▶ **Work task**
Give back the data exactly, with no images.
The data: Begin
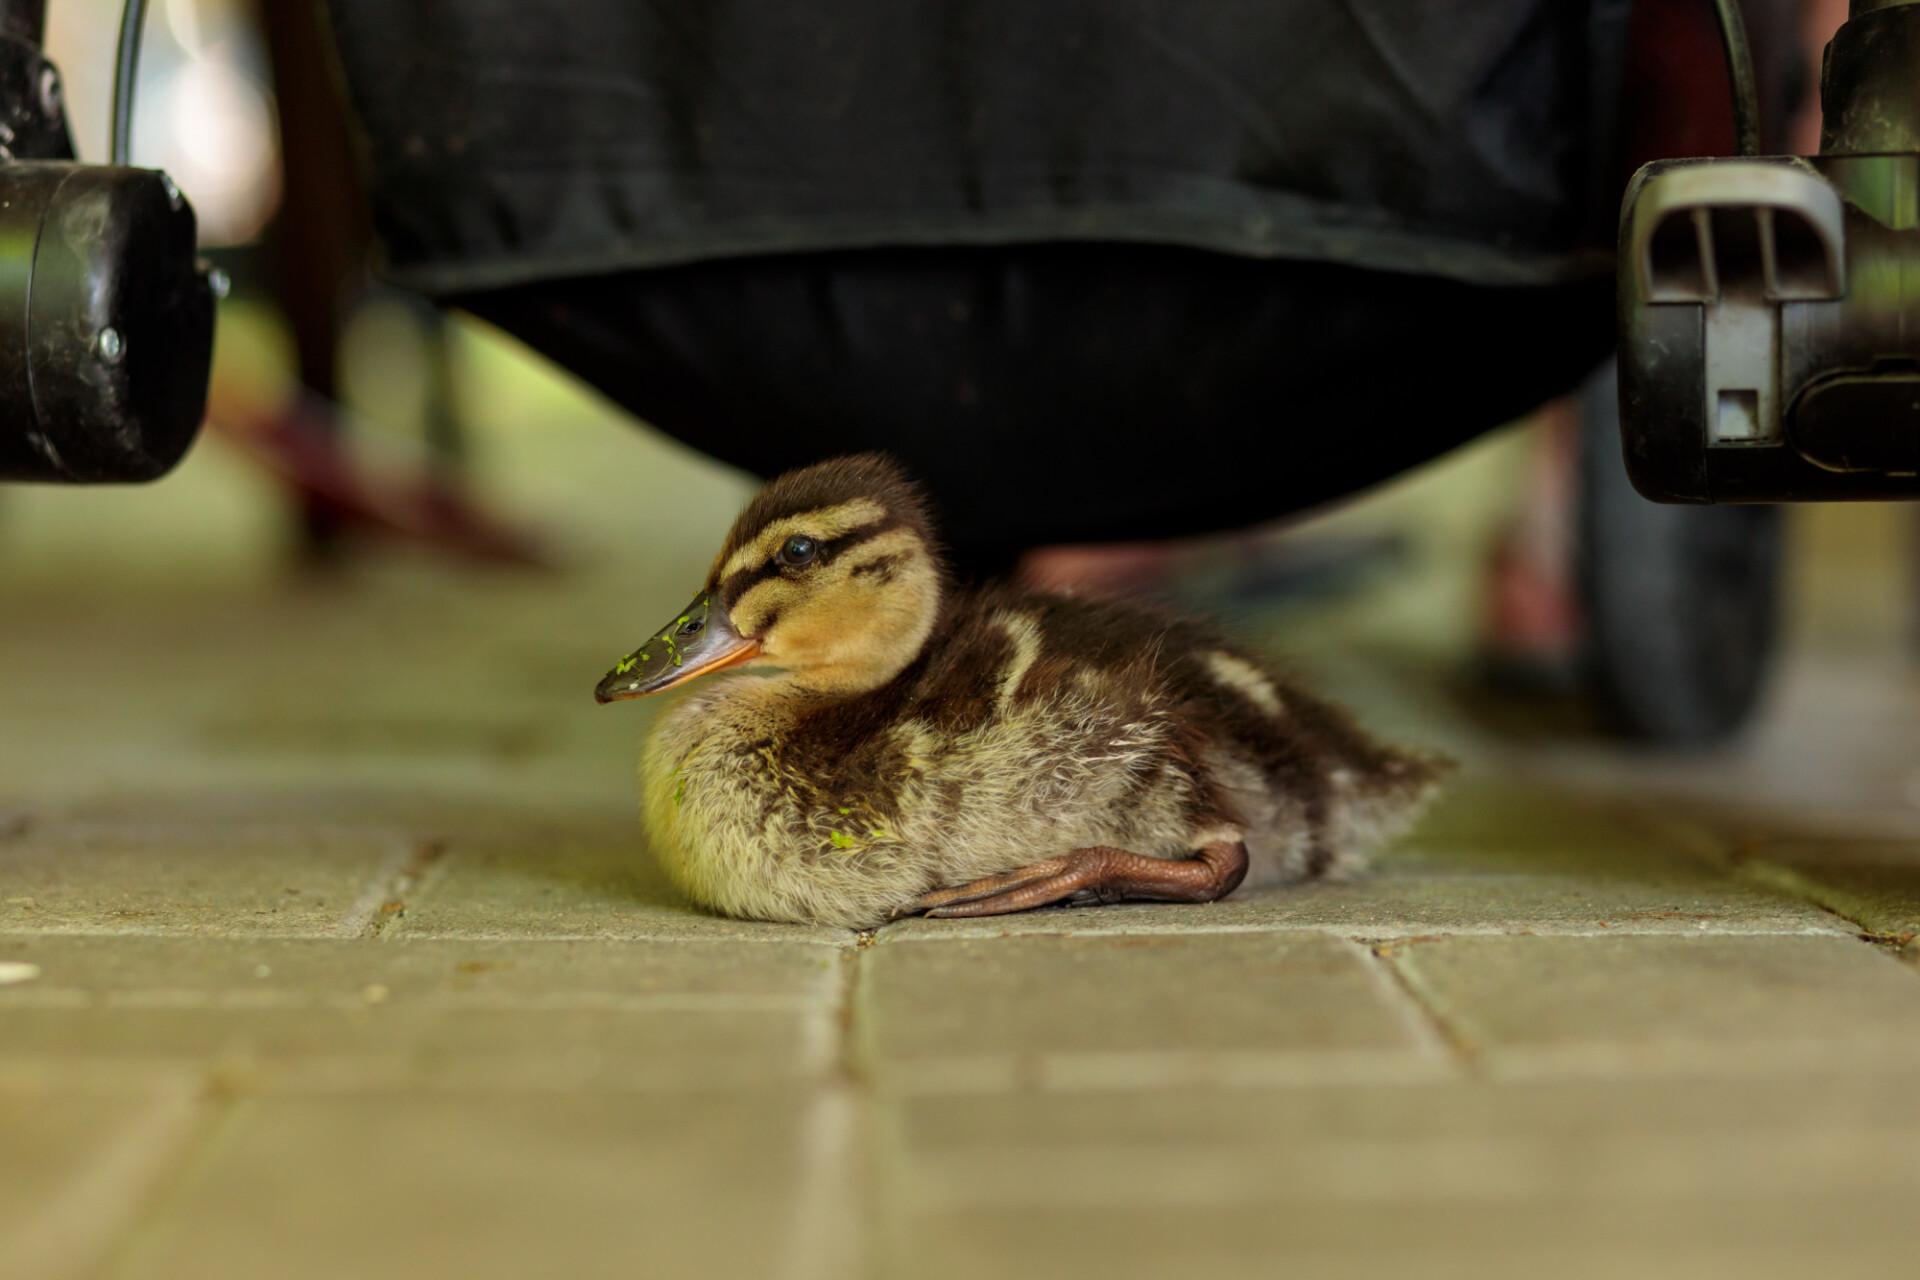 Cute little duckling sitting under a pram
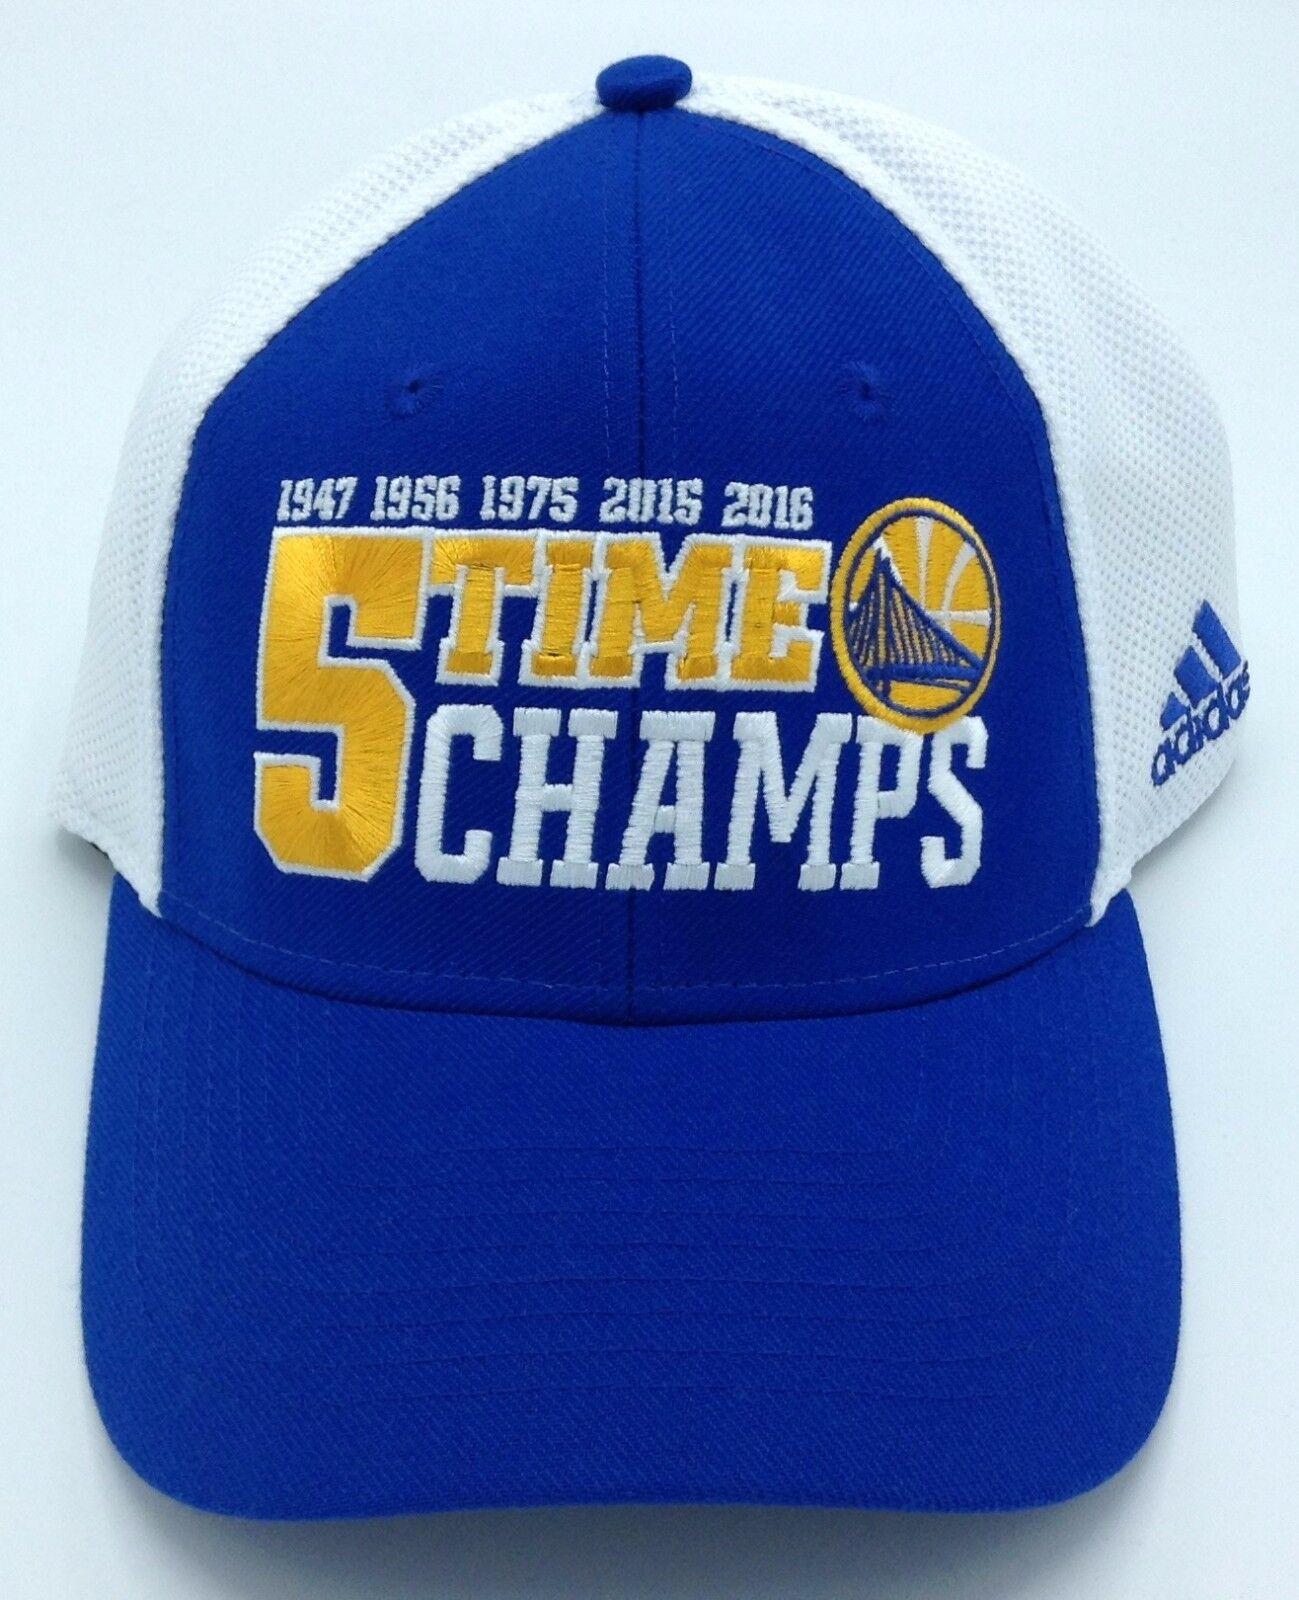 NBA Golden State Warriors Adidas Erwachsene 5x Championship Championship Championship Flex Fit Kappe Mütze ed7f0b
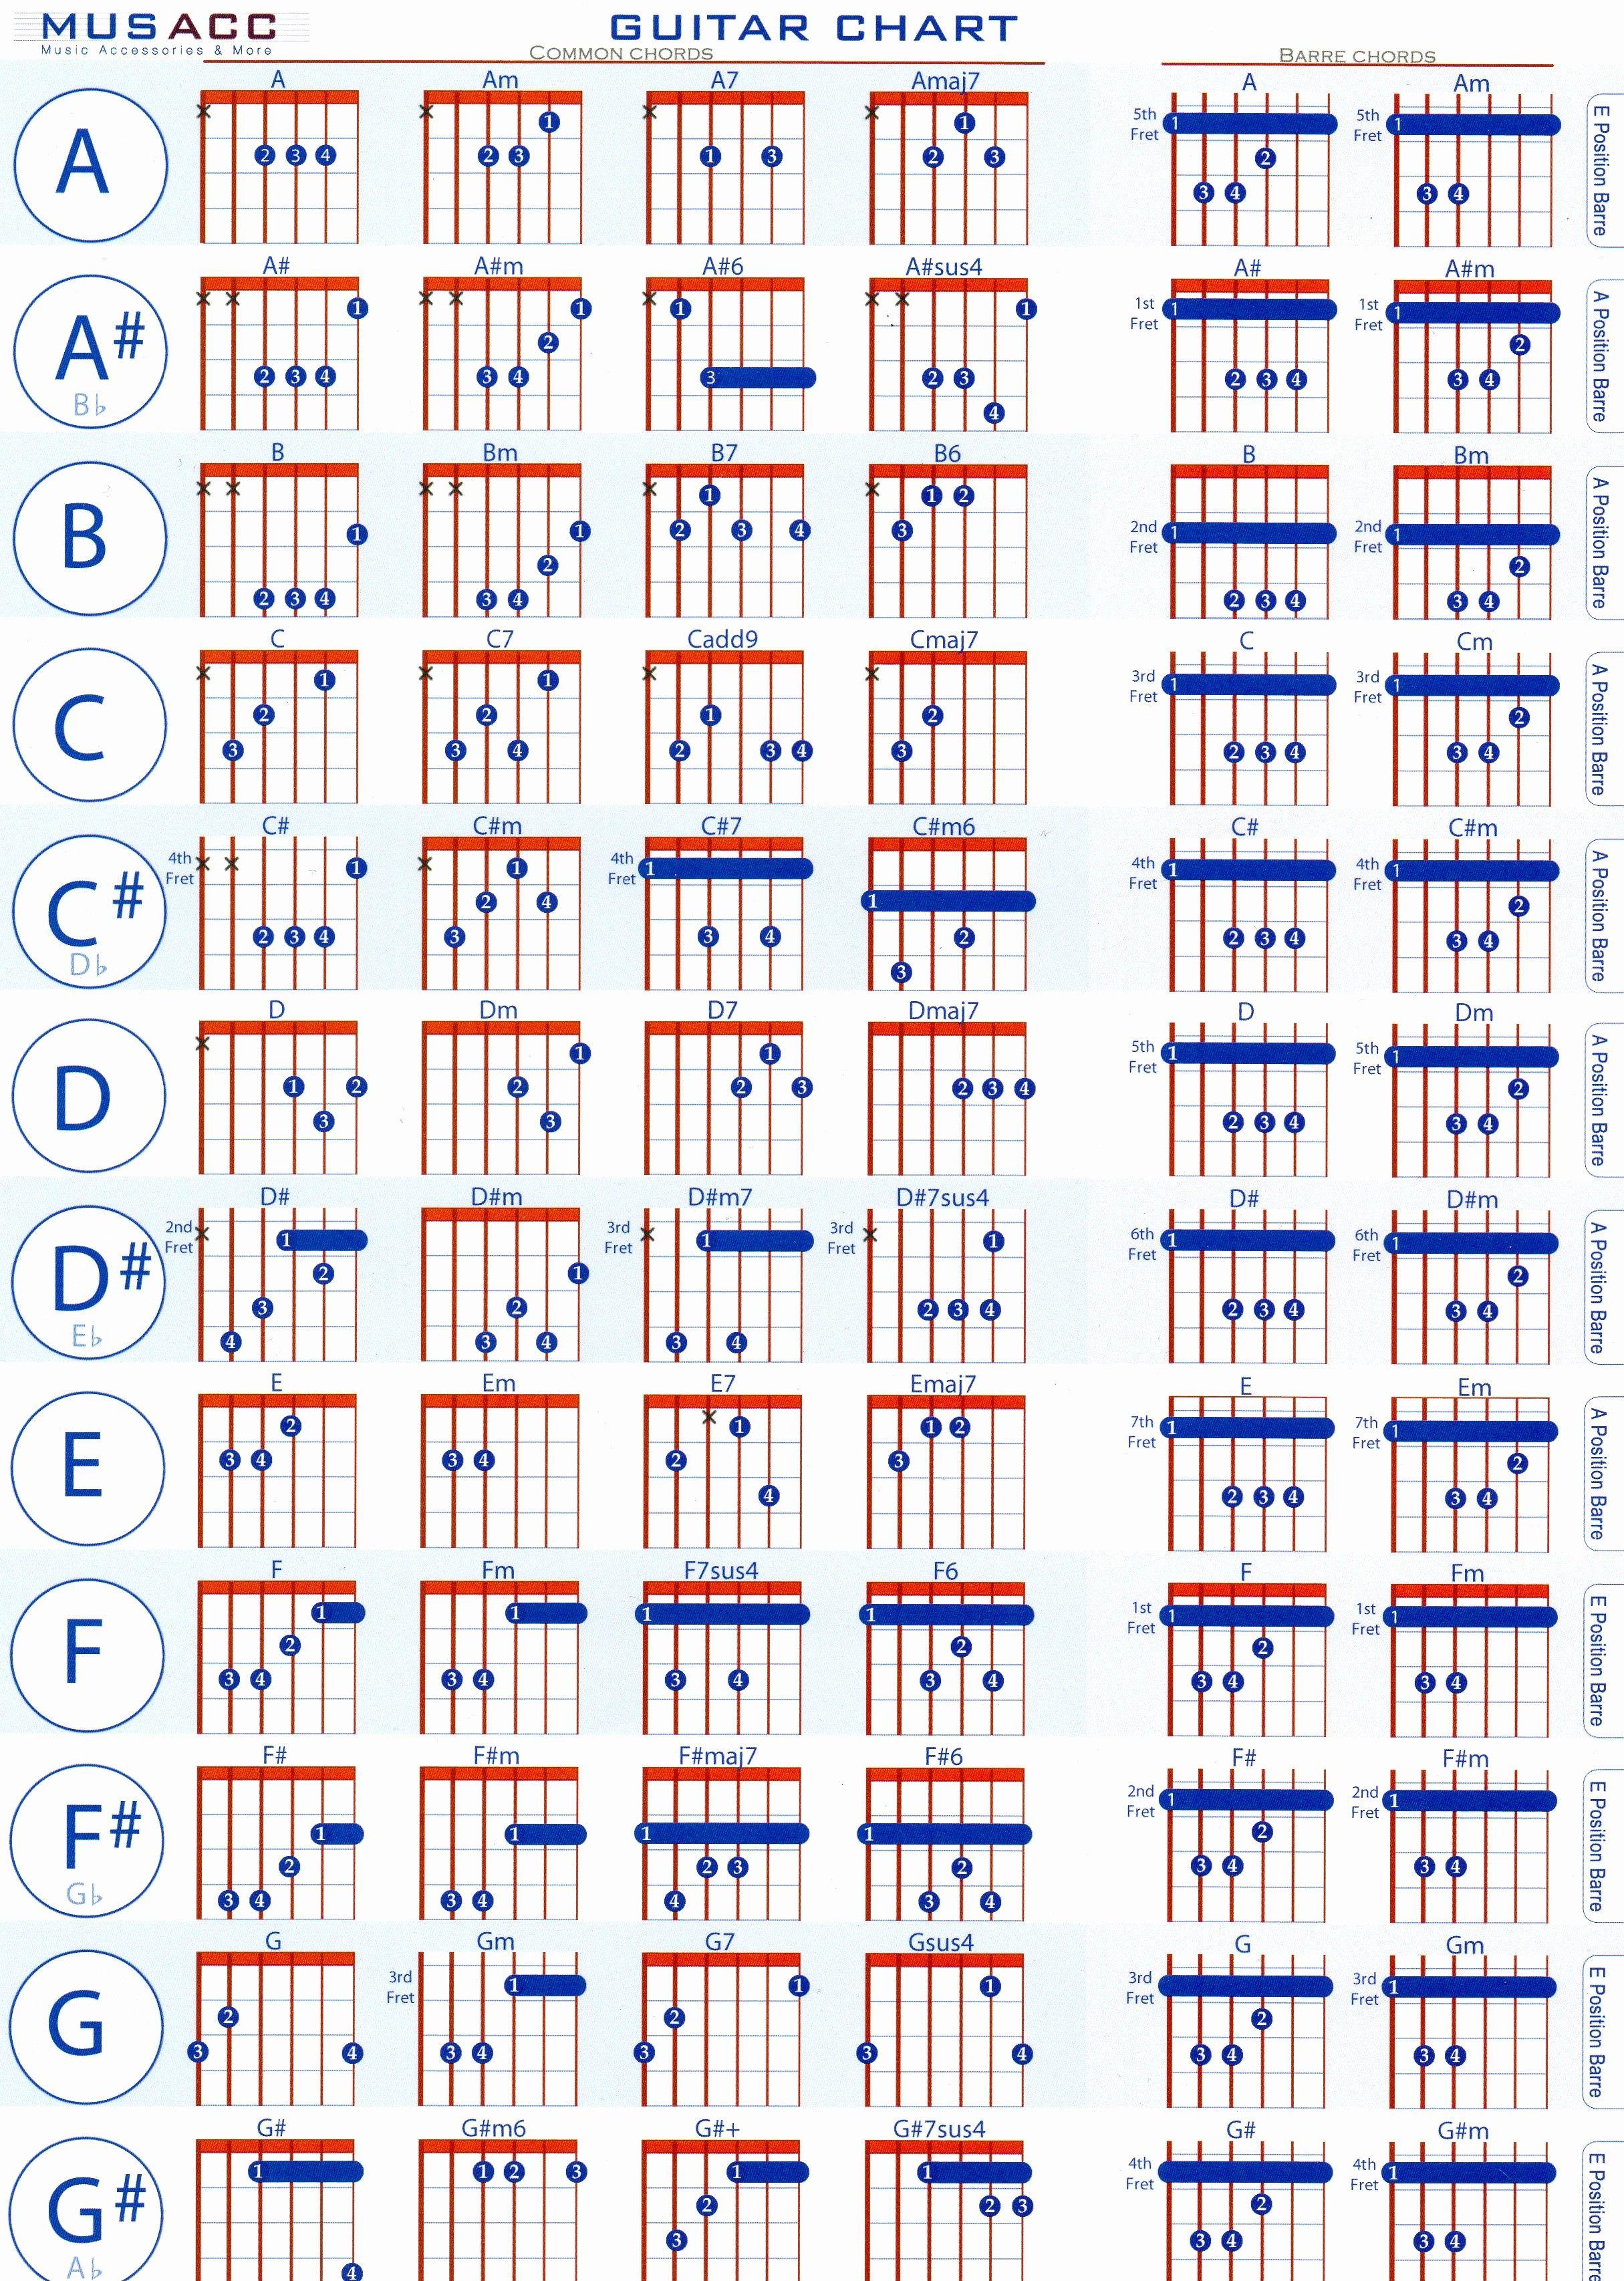 Simple Guitar Chord Chart Pdf Lovely 15 Basic Guitar Chords for ...
The data: End
▶ **Written solution**
 Cute little duckling sitting under a pram
 NBA Golden State Warriors Adidas Erwachsene 5x Championship Championship Championship Flex Fit Kappe Mütze ed7f0b
 Simple Guitar Chord Chart Pdf Lovely 15 Basic Guitar Chords for ...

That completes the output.